Åtvidabergs Fotbollförening, also known simply as Åtvidabergs FF or Åtvid, is a Swedish professional football club based in Åtvidaberg. The club is affiliated with Östergötlands Fotbollförbund and plays their home games at Kopparvallen. The club colours, reflected in their crest and kit, are blue and white. Formed on 1 July 1907 as Åtvidabergs IF, the club was most successful during the 1970s when they won two national championship titles and two national cup titles. With a population of around 7000, Åtvidaberg is the smallest town ever to bring home a Swedish league title. They currently play in Allsvenskan, where the season lasts from April to November.
During the 1920s, small town club Åtvidabergs IF played in the fifth tier of swedish football. Local businessman Elof Ericsson was however determined to change this. He became chairman of the board and took the initiative of separating the different sections of the multisport club, thus forming a new club, Åtvidabergs FF, out of the football section. Through his company Facit, which employed a large portion of the small Åtvidaberg population, he was also able to increase the funding for the team.
Åtvidaberg became early forerunners with their strategy to scout players nationally instead of just locally. Since all players in Sweden at the time were amateurs, their ability to offer new signings a good job at the Facit factory made them an attractive club to play for. This, together with the hiring of foreign coaches like Kálmán Konrád, helped the club move up through the divisions, establishing them in the second tier and playing one year in Allsvenskan.

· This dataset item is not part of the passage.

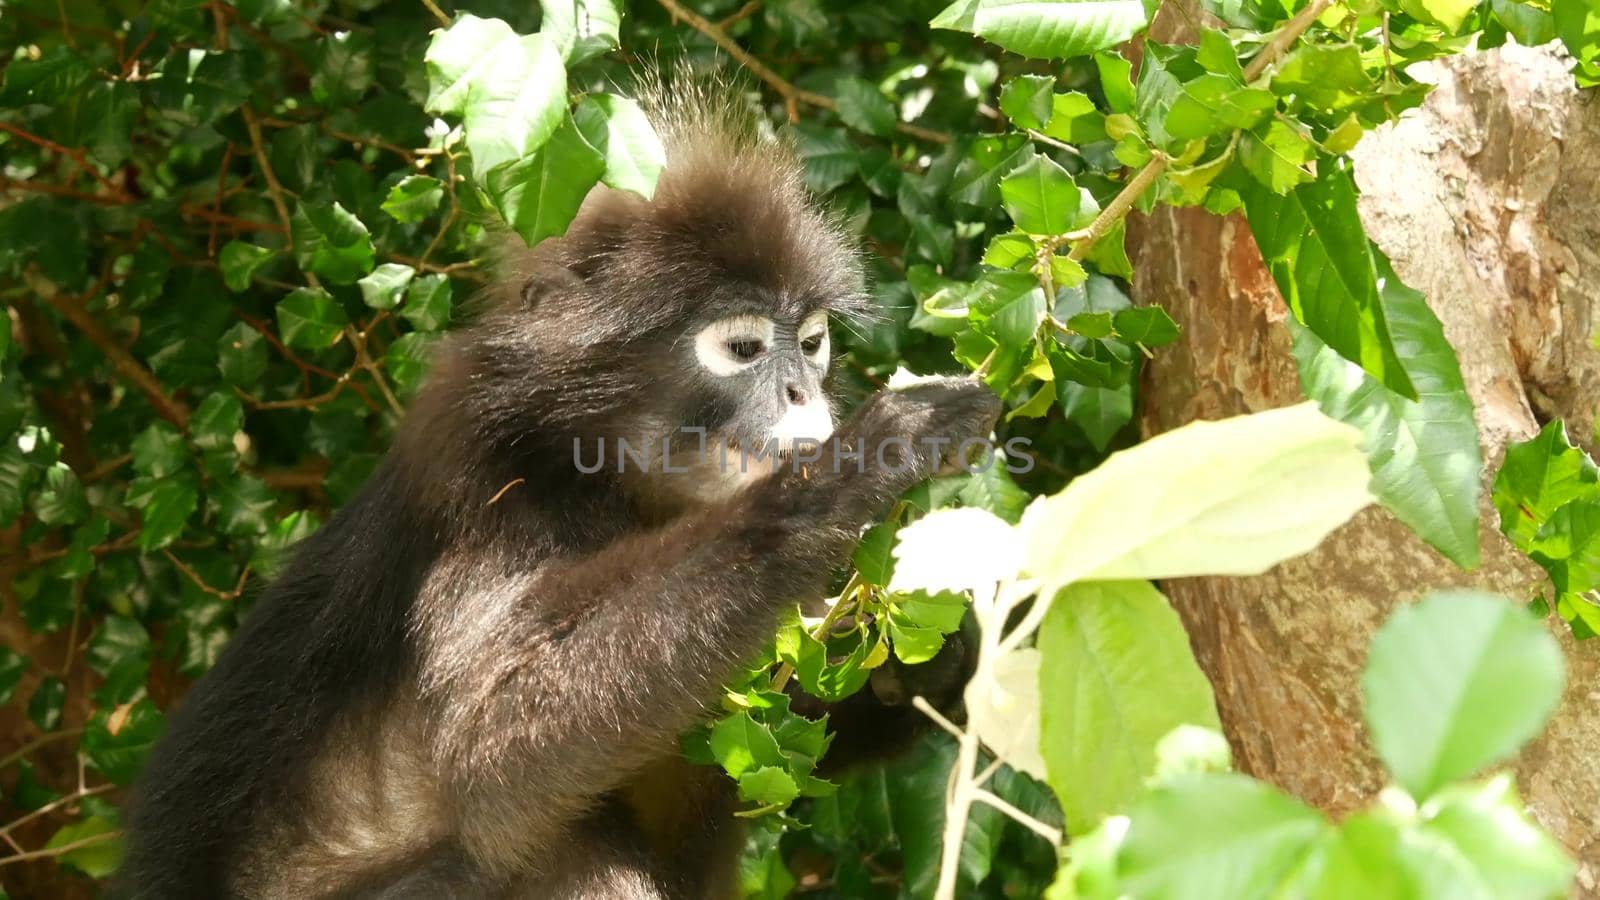 Cute spectacled leaf langur, dusky monkey on tree branch amidst green leaves in Ang Thong national park in natural habitat. Wildlife of endangered species of animals. Environment conservation concept.

In 1967, they were promoted to Allsvenskan and five years later they won the league for the first time ever and repeated the year after in 1973. Ironically this golden age came at exactly the same time as the Facit company, which had enabled the success, struggled greatly and eventually was sold off to Electrolux.
After struggling greatly in the 1990s and falling as low as the fourth tier with attendance numbers in the hundreds, Åtvidaberg had managed to climb back up to the second tier again by the start of the new millennium. In an effort to further strengthen their organization and finances, the club started a cooperation with reigning champions Djurgårdens IF in 2003. The deal also included a loan of several Djurgården players to Åtvidaberg. In 2005, the Djurgården chairman said that the team should move to nearby Linköping which doesn't have a club in the higher divisions. This was met by a negative reaction from the Åtvidaberg supporters. The cooperation finally collapsed in 2006 when Åtvidaberg Municipality refused to cover any potential economic losses for Djurgården.
In the following years, Åtvidaberg finished in the top half of the Superettan table and finally in 2009 they were promoted back to Allsvenskan for the first time since 1982. They were relegated again but bounced back immediately and achieved an eighth place finish in the 2012 Allsvenskan.
A ^ Current youth players who at least have sat on the bench in a competitive match.
B. ^ The title of "Swedish Champions" has been awarded to the winners of four different competitions over the years. Between 1896 and 1925, the title was awarded to the winner of Svenska Mästerskapet, a stand-alone cup tournament. No club was awarded the title between 1926 and 1930, even though the first-tier league Allsvenskan was played. In 1931, the title was reinstated and awarded to the winner of Allsvenskan. Between 1982 and 1990 a play-off in cup format was held at the end of the league season to decide the champions. After the play-off format in 1991 and 1992 the title was decided by the winner of Mästerskapsserien, an additional competition held after the end of the Allsvenskan season. Since the 1993 season, the title has once again been awarded to the winner of Allsvenskan.